Irreducible implies Separable in a Finite Field

Question

Proposition 37 on page 549 of Abstract Algebra, 3rd Ed. by Dummit and Foote claims that irreducible implies separable over a finite field.

Suppose $p(x)$ is irreducible over a finite field of characteristic $p$ and (for the purpose of arriving at a contradiction) suppose $p(x)$ is not separable.

From this I can only conclude that $p'(x)$ is zero for at least one value. However, the authors make the claim that the derivative is identically zero (equivalently, each element in the domain is a multiple root) by claiming that $p(x)$ is a polynomial in $x^p$.

Why is $p(x)$ necessarily a polynomial in $x^p$? And why is it the case that over a finite field we have that either $p'(x)$ is never zero or is identically $0$?

Answer 1

If $p(x)$ has a multiple root, then $p(x)$ and $p^{\prime}(x)$ have a common factor. But since $p(x)$ is irreducible and $p^{\prime}(x)$ has degree strictly smaller than $p(x)$, this implies that $p^{\prime}(x)$ is the zero polynomial. From this it then follows that $p(x)$ is a polynomial in $x^p$.

Answer 2

For your first question:

If $p(x) = \sum_{j=1}^n a_jx^j$ then $p'(x) = \sum_{j=1}^nja_jx^{j-1}$. If $p'(x) = 0$, then each of its coefficients must lie in the ideal $(p)$, that is, $p|ja_j$ for each $j$. Thus, $a_j$ is either $0$ mod $p$ or $p|j$, so for each $a_jx^j$ with $a_j$ non-zero we must have $p|j$. So $p$ is a polynomial in $x^p$.

Maybe you can use this to work out the rest.

Answer 3

If $p(x)$ is non-separable (i.e., has a root of multiplicity $\geq 2$), then $p(x)$ and $p'(x)$ are not relatively prime -- that is, they must share a root $u$ in some extension $\mathbb{K}$ of the finite field of characteristic $p$ (call it $\mathbb{F}_p$).

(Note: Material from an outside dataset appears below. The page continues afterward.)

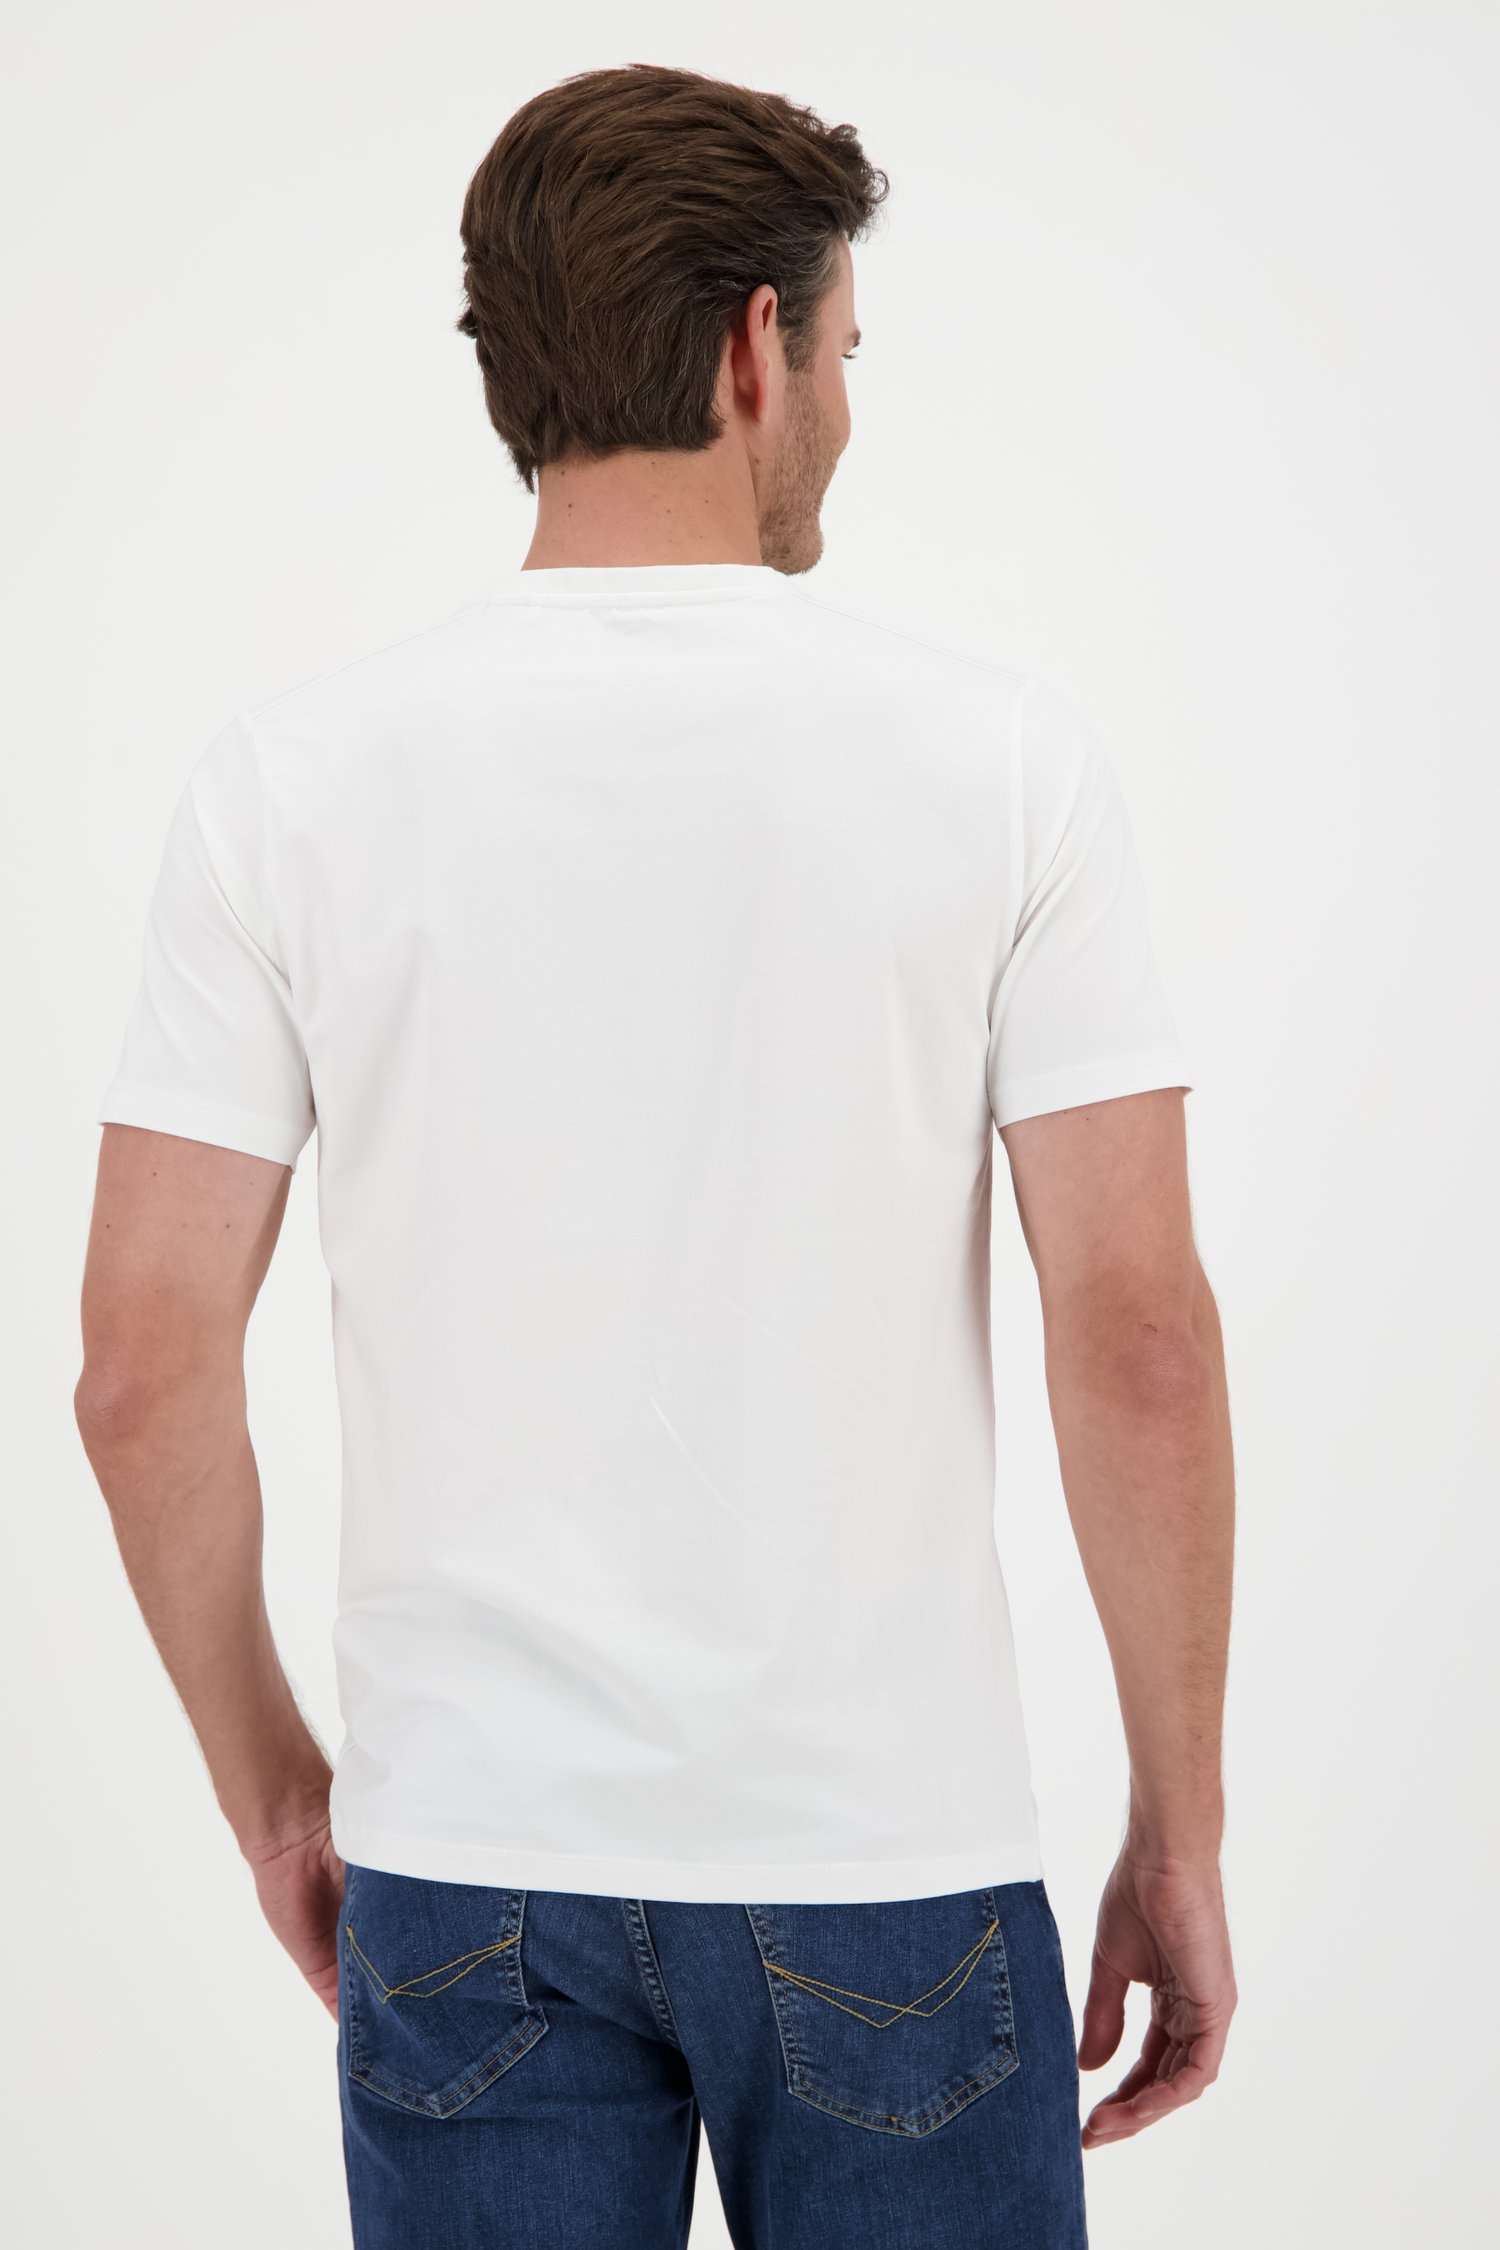 Basic wit T-shirt met V-hals van Ravøtt voor Heren

We can make $p(x)$ monic to satisfy the definition of the minimal polynomial of $u$ (let monic $p(x)$ be notated $p_1(x)$). We then have that any other polynomial $q(x)\in\mathbb{F}_p[x]$ with the same root $u$ must be divisible by $p_1(x)$; that is, $$p_1(x) \mid q(x).$$ Since monicness does not change divisibility, the above is interchangeable with $$p(x)\mid q(x).$$ In the case $q(x)=p'(x)$, we have necessarily that $p'(x)=0$ as the divisibility equation is not true otherwise. From this, it follows that $p(x)\in\mathbb{F}[x^p]$ (as described by @GiantTortoise1729), and then by the Freshman's Dream lemma for commutative rings of characteristic $p$ and Fermat's Little Theorem (which is a consequence of the Frobenius automorphism), $p(x)$ is reducible, a contradiction.

Edit: The Freshman's Dream lemma has a proof that can be altered to be applied to polynomials with coefficients in a commutative ring of characteristic $p$ (as everything simplifies the same way with the binomial coefficient). That is why it is applicable in this setting.